Zero week seen likely despite stabilisation signs post-SVB
Syndicate bankers expect this week to be a washout for euro covered bond issuance after the collapse of Silicon Valley Bank (SVB) in the US, despite some signs of stability today (Tuesday), as market participants potentially await the outcomes of ECB and Fed meetings before reengaging.
Since a €750m Caffil trade hit the market on Thursday towards the end of a near €10bn week, the euro primary market has been bereft of supply, with other sectors including local Nordic markets also quiet.
“The moves on Monday and Friday were so erratic in all markets that everything has been affected,” said a syndicate banker. “It’s not that anyone perceives that a covered bond issuer in the European space has anything remotely like the balance sheet of SVB, but everyone is in wait-and-see mode.”
Another banker said he is working on the assumption that this will be a “zero week”, despite markets regaining their poise somewhat today – with the 10 year Bund yield having made up most of the ground it lost yesterday (Monday), for example – and tomorrow (Wednesday) offering a slim window of opportunity before the outcome of the European Central Bank’s latest governing council meeting on Thursday.
“If there is a blue chip name with something up their sleeve, I suppose they could be quickly out of the blocks tomorrow,” he said, “but I’m not aware of anyone with such plans. And those who would need one-and-a-half days would probably not pre-announce because of the uncertainty.”
The first syndicate banker said he also expects next week to prove more viable.
“Secondaries have been holding up quite well, so in that respect, the market is in OK shape,” he said, “but I don’t think anything would fare well right now because investors are busy putting out fires elsewhere.
“If a covered bond issuer with a strong following in the market were to approach the market in the coming week and accepts the need to sweeten the deal just a little bit – paying a couple of basis points more NIP and with secondaries having cheapened up a bit – then that could work,” he added. “And many issuers will just shrug their shoulders and say, well, if that’s what it takes…”

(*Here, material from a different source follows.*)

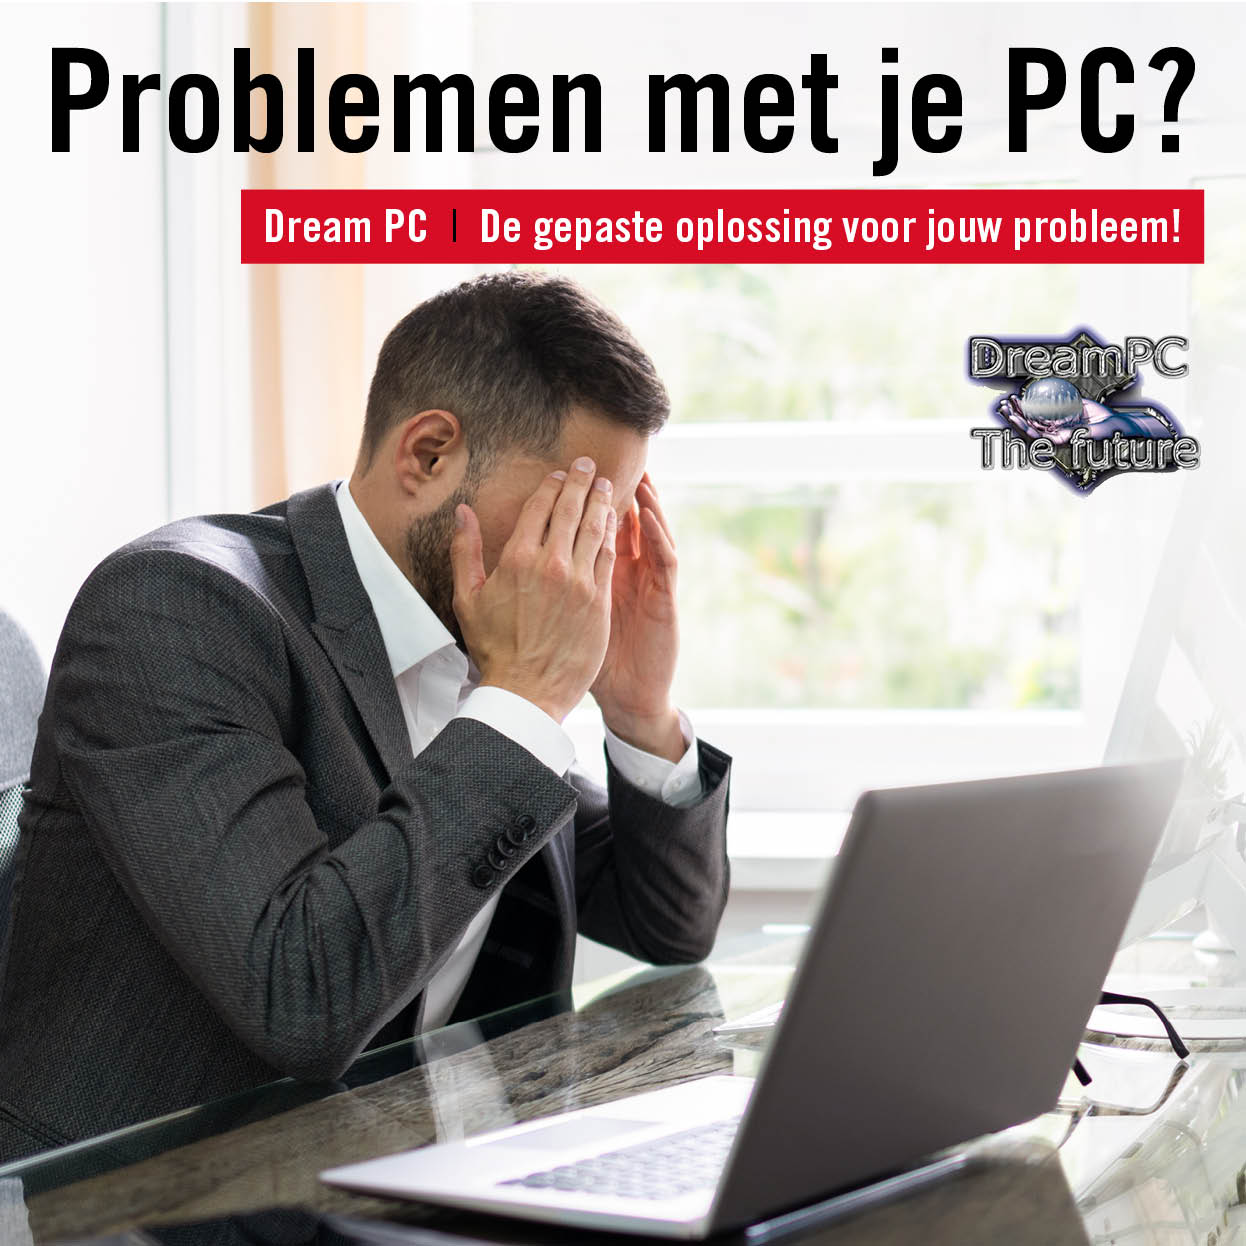 08285 - Dream PC

Market participants are meanwhile expected to take the time to consider the rates outlook in the wake of the Federal Reserve’s reaction to the collapse of SVB, also digesting US CPI figures out today. Expectations for terminal rates have fallen sharply, while a cut rather than hike from the Fed next Wednesday is even deemed possible, and the ECB’s likely moves this Thursday are now less clear.

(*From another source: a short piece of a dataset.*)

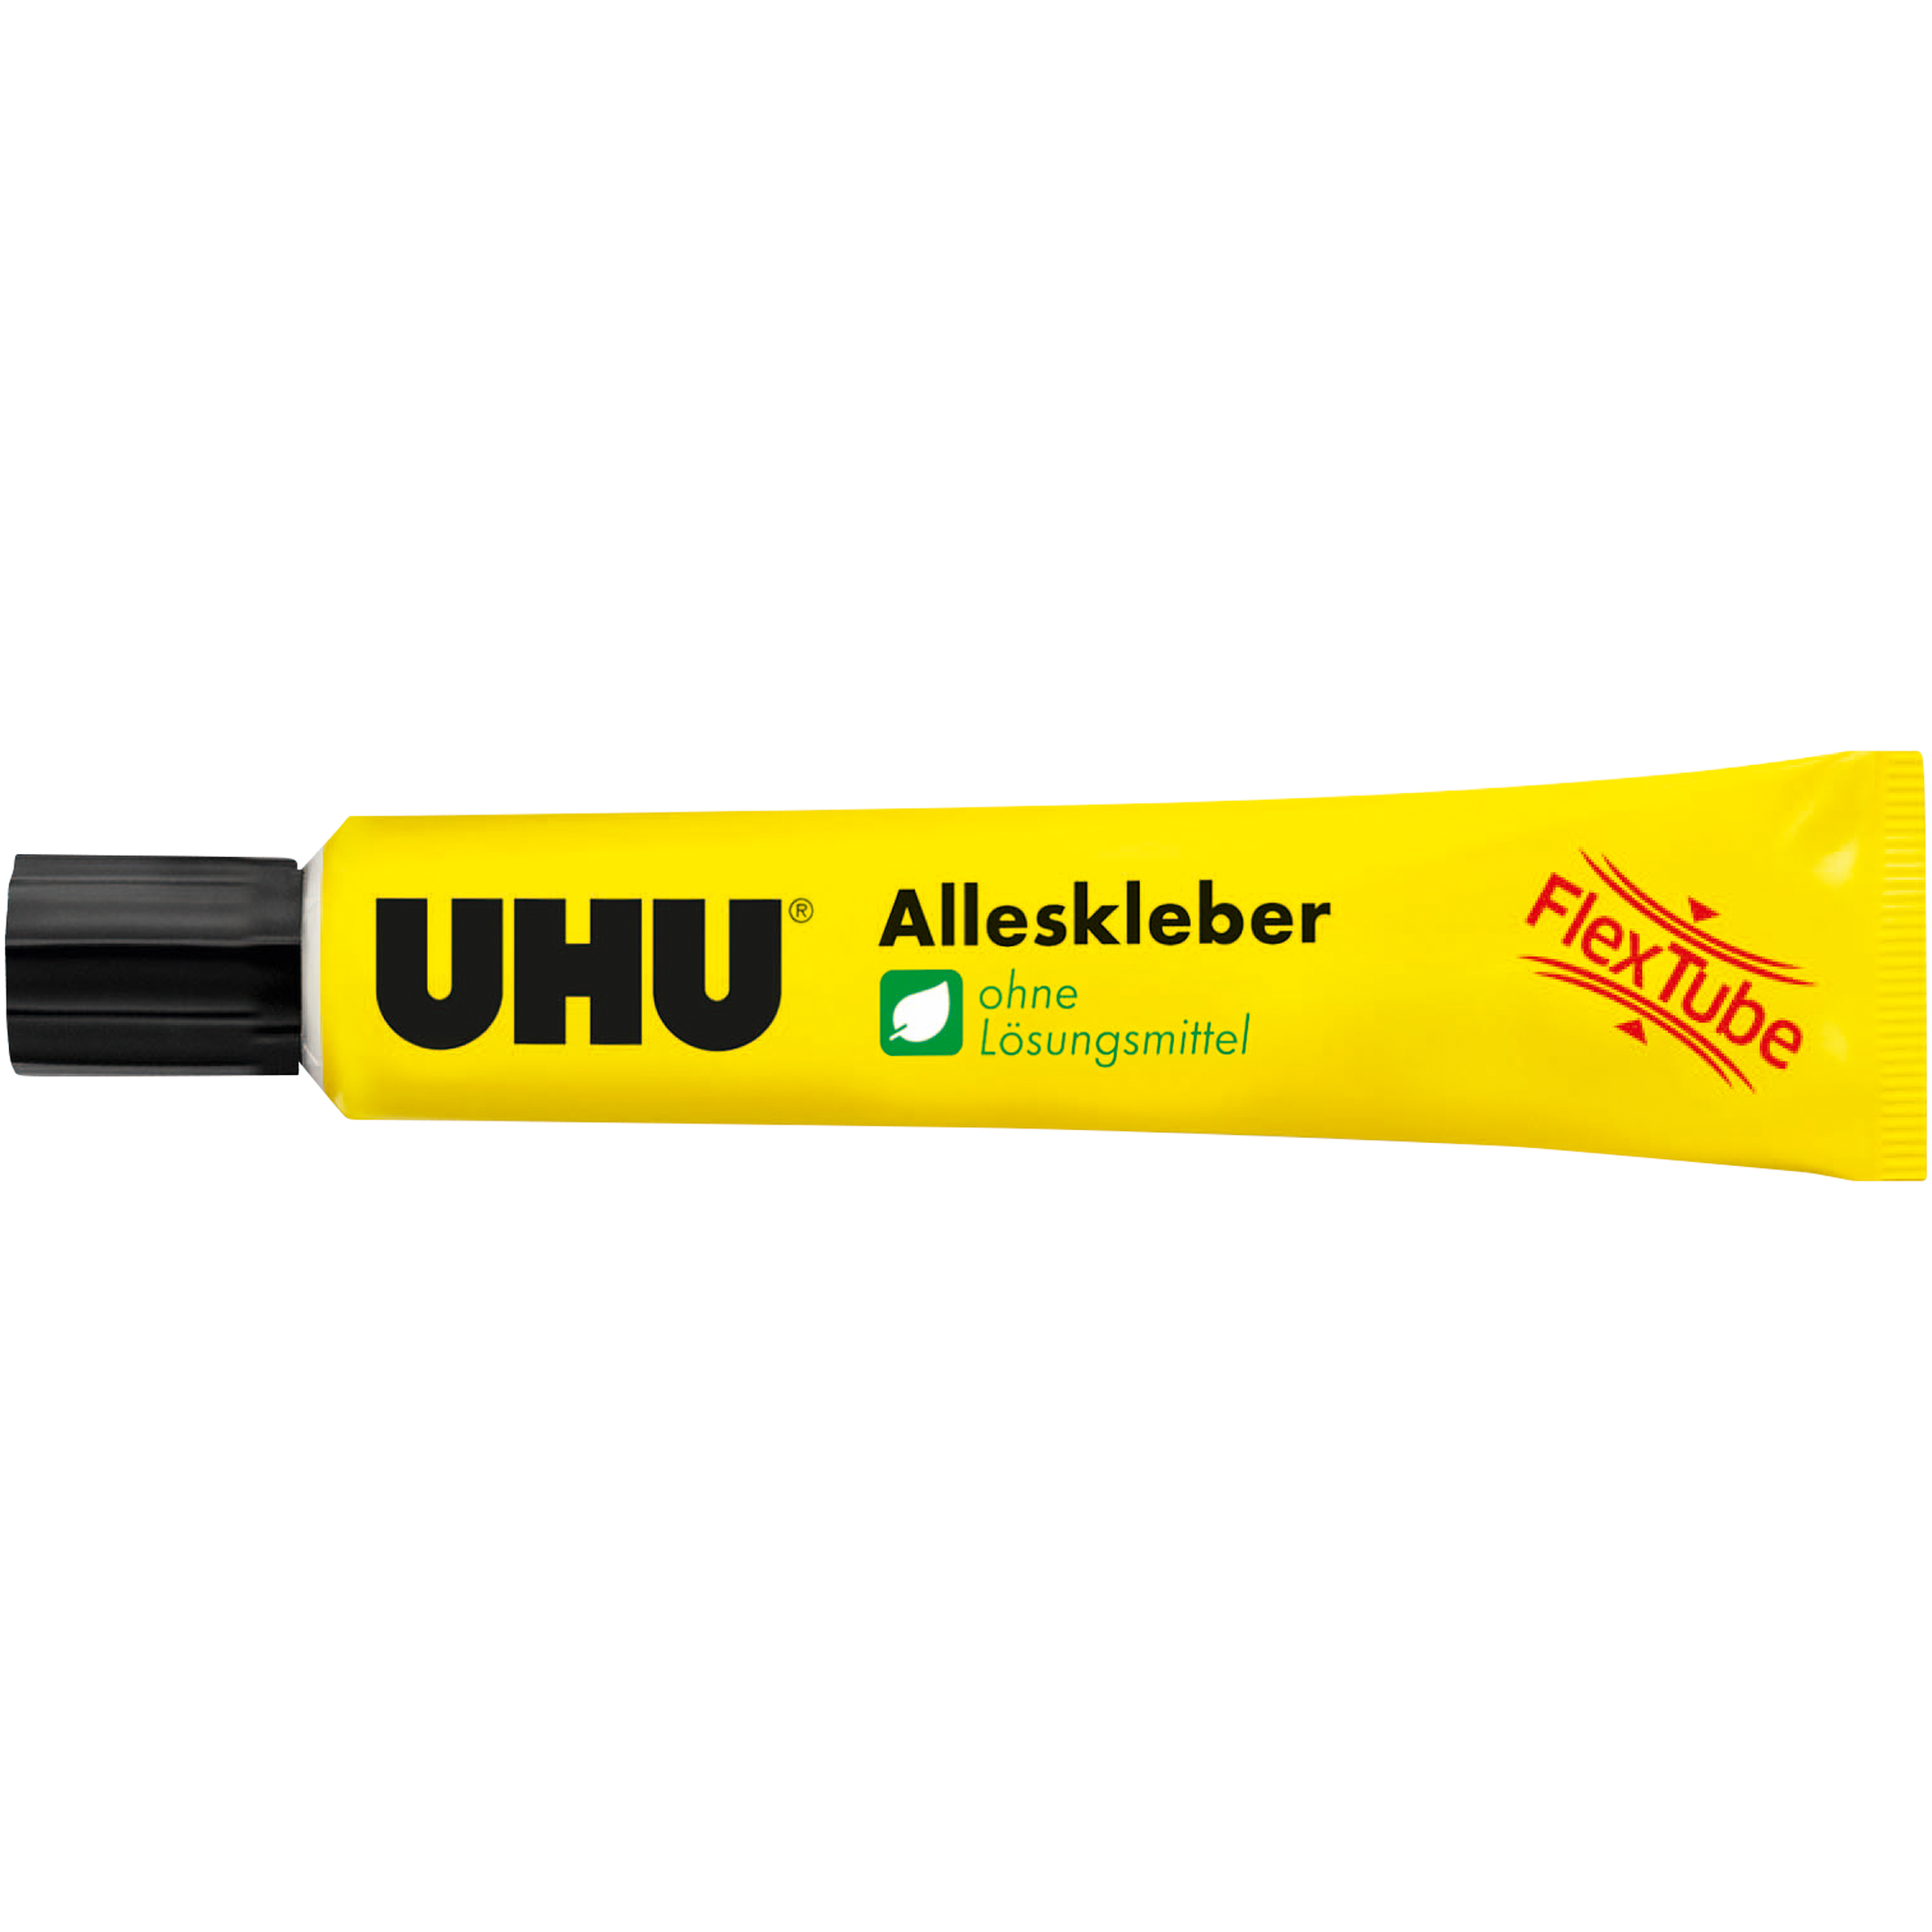 UHU® Alleskleber FLEX + CLEAN ohne Lösungsmittel

“Is the Fed still on a quest to fight inflation,” said one banker, “or will US financial stability be more of a consideration?”
The strong reaction to SVB’s collapse, even after US authorities moved to reassure markets, nevertheless means sentiment is likely to remain fragile, with any further nasty surprises able to quickly disrupt activity, said bankers.

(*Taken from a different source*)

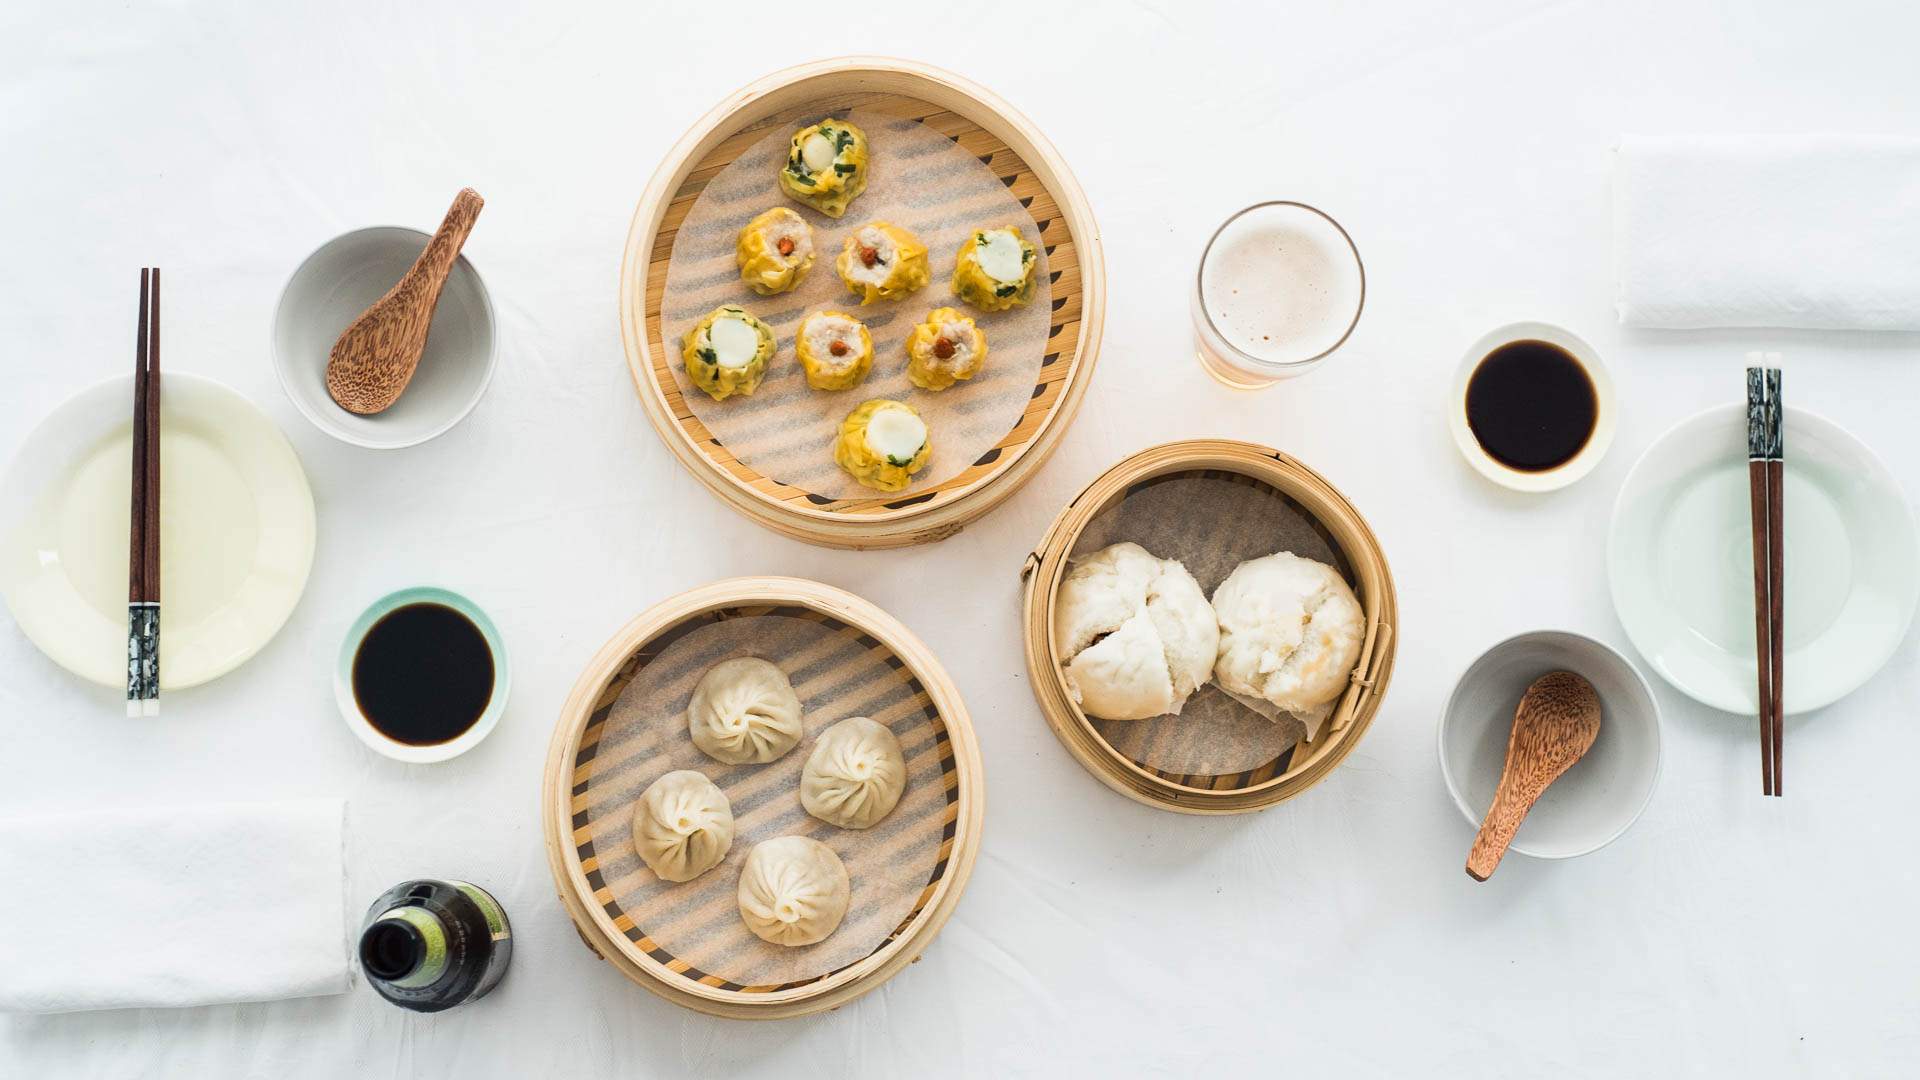 Encyclopedia of Eats: Chinese Dumplings

“What SVB clearly demonstrates is that there remains a significant vein of anxiety about bank failures,” said one. “And when one falls off a cliff, it’s only right that investors are concerned.”
Those issuers who hit the market last week – including Canada’s TD with the biggest post-global financial crisis benchmark and names such as Austria’s RBI and Iceland’s Landsbankinn – can feel particularly happy about their timing, noted another. Re-offered at mid-swaps plus 34bp, RBI’s €500m three year from last Tuesday (7 March), for example, was today seen at 28bp, mid.